# Instructions for the task:
Only the lines below from the one with "Vista aérea de" through the one with "The Social Security" are to be written out, exactly and without any images.

# Records supplied:
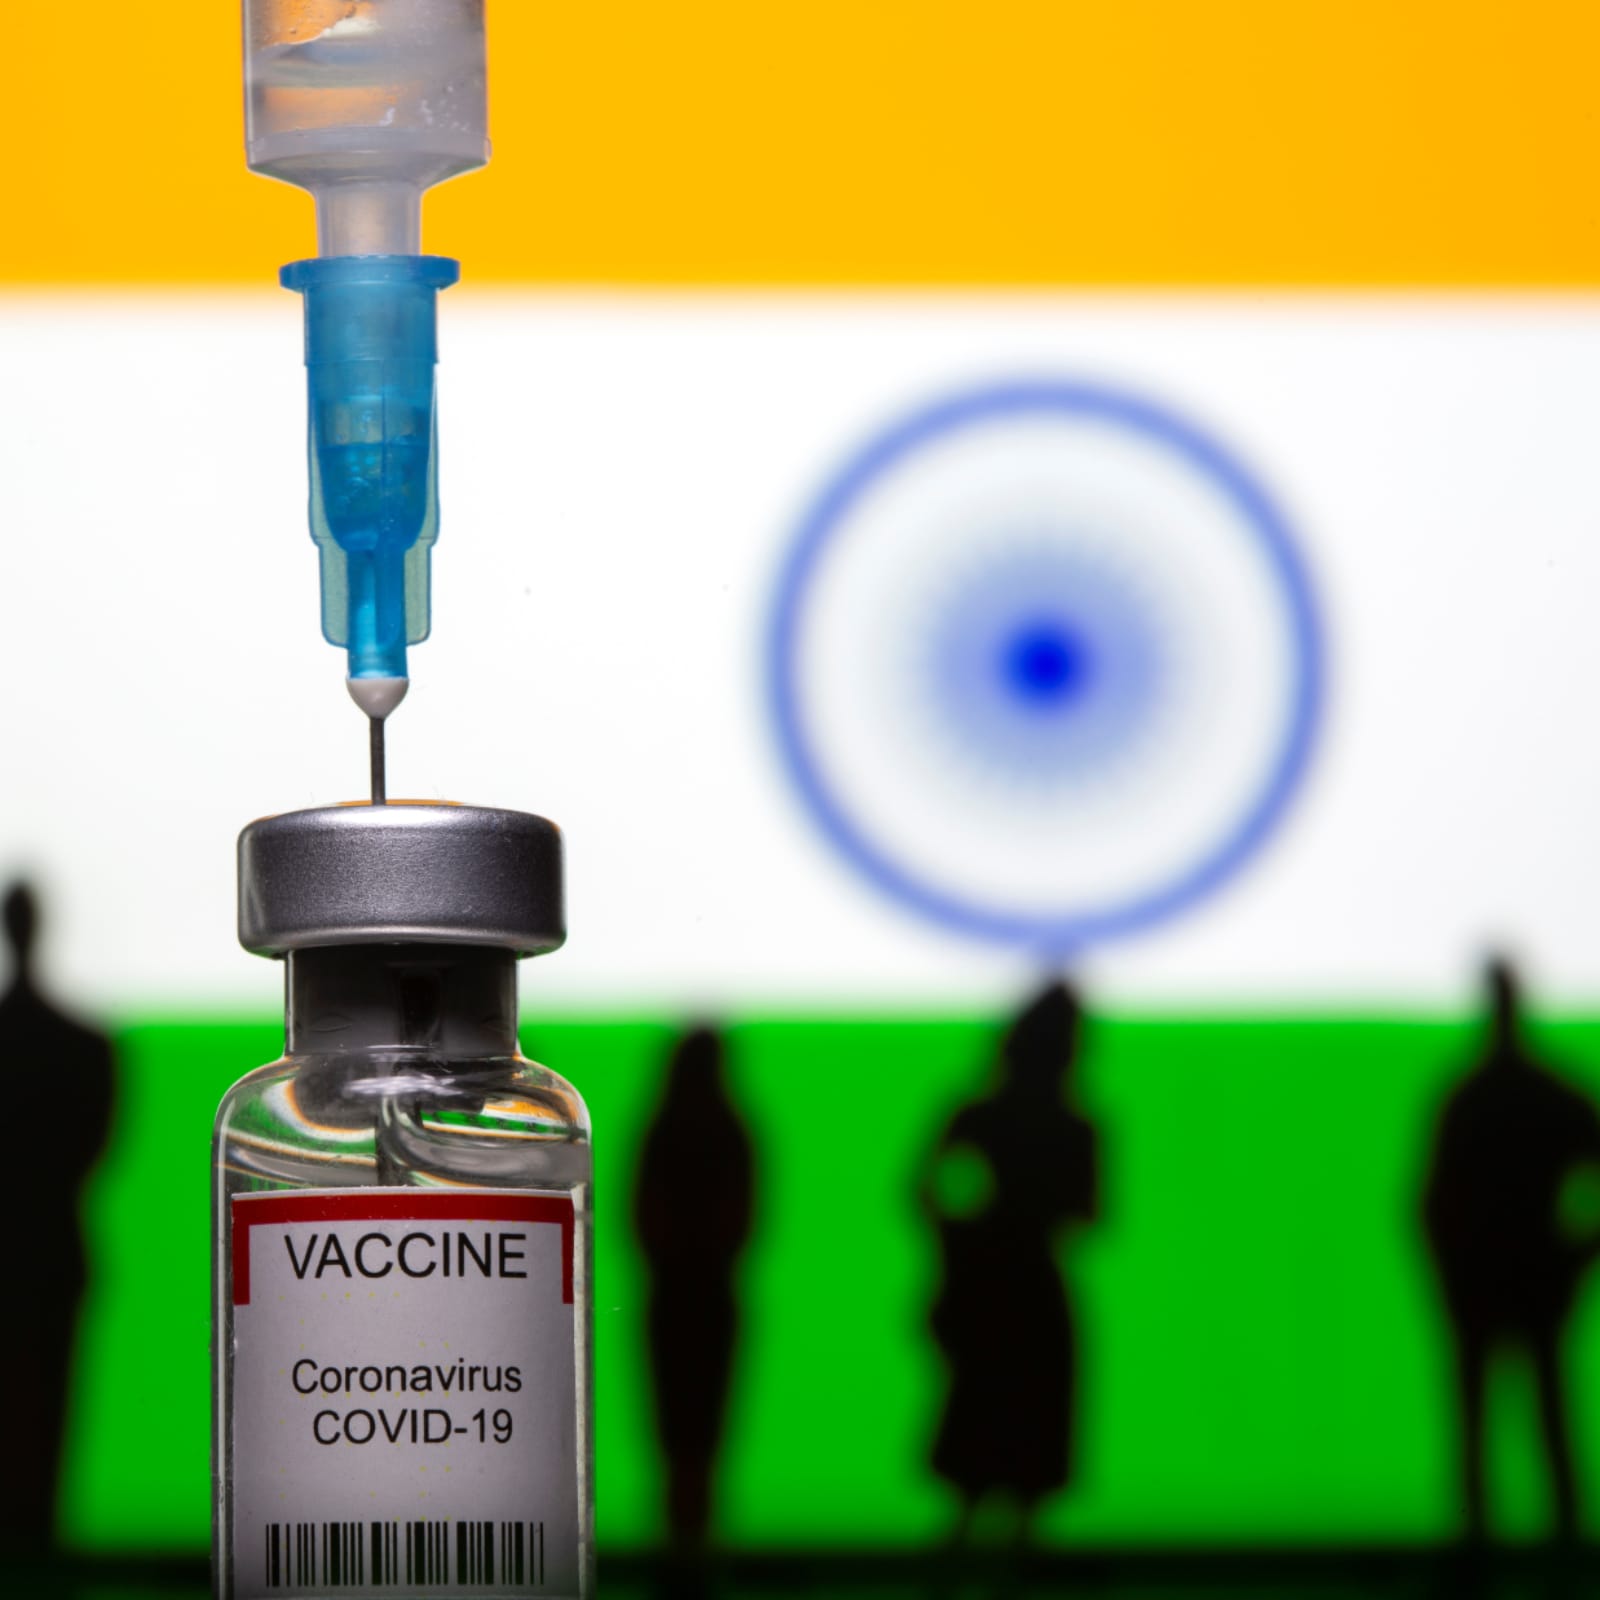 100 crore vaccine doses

...

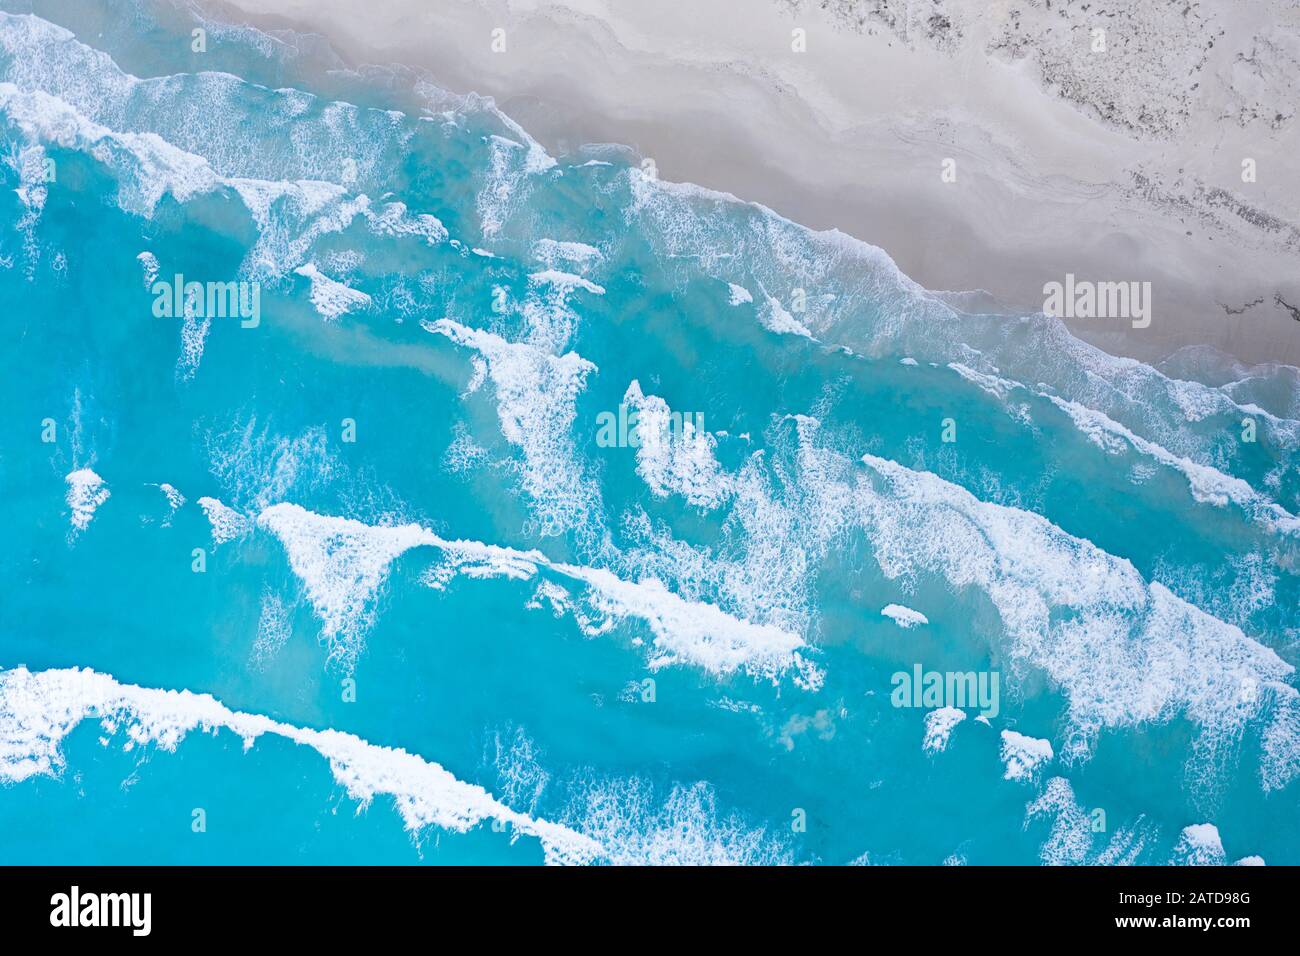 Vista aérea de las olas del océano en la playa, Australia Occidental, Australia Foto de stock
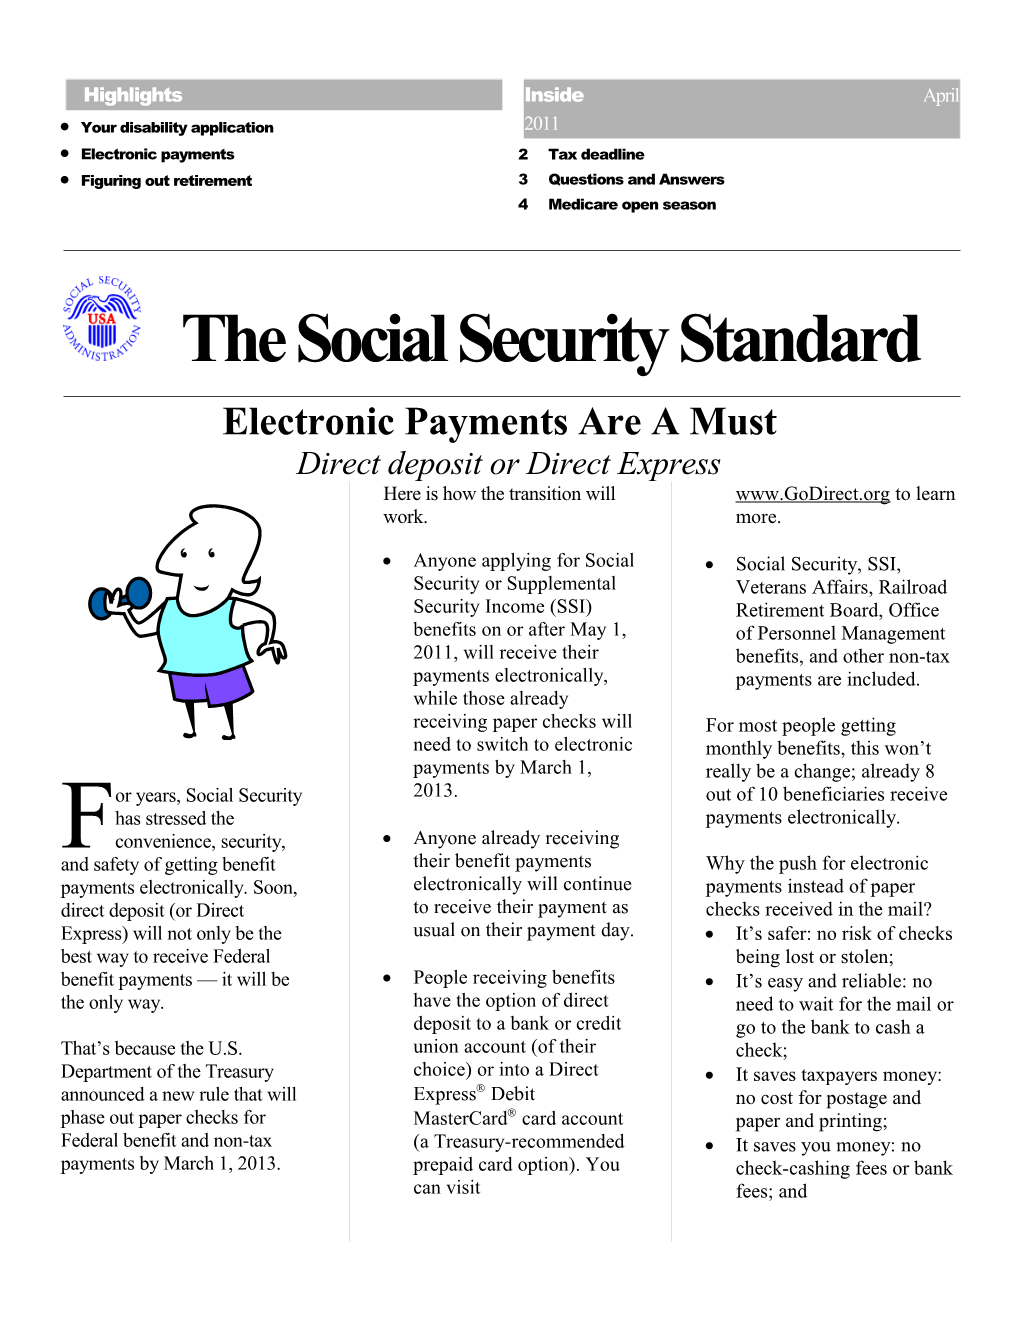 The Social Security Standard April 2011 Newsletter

# Output for this exercise:
 Vista aérea de las olas del océano en la playa, Australia Occidental, Australia Foto de stock
 The Social Security Standard April 2011 Newsletter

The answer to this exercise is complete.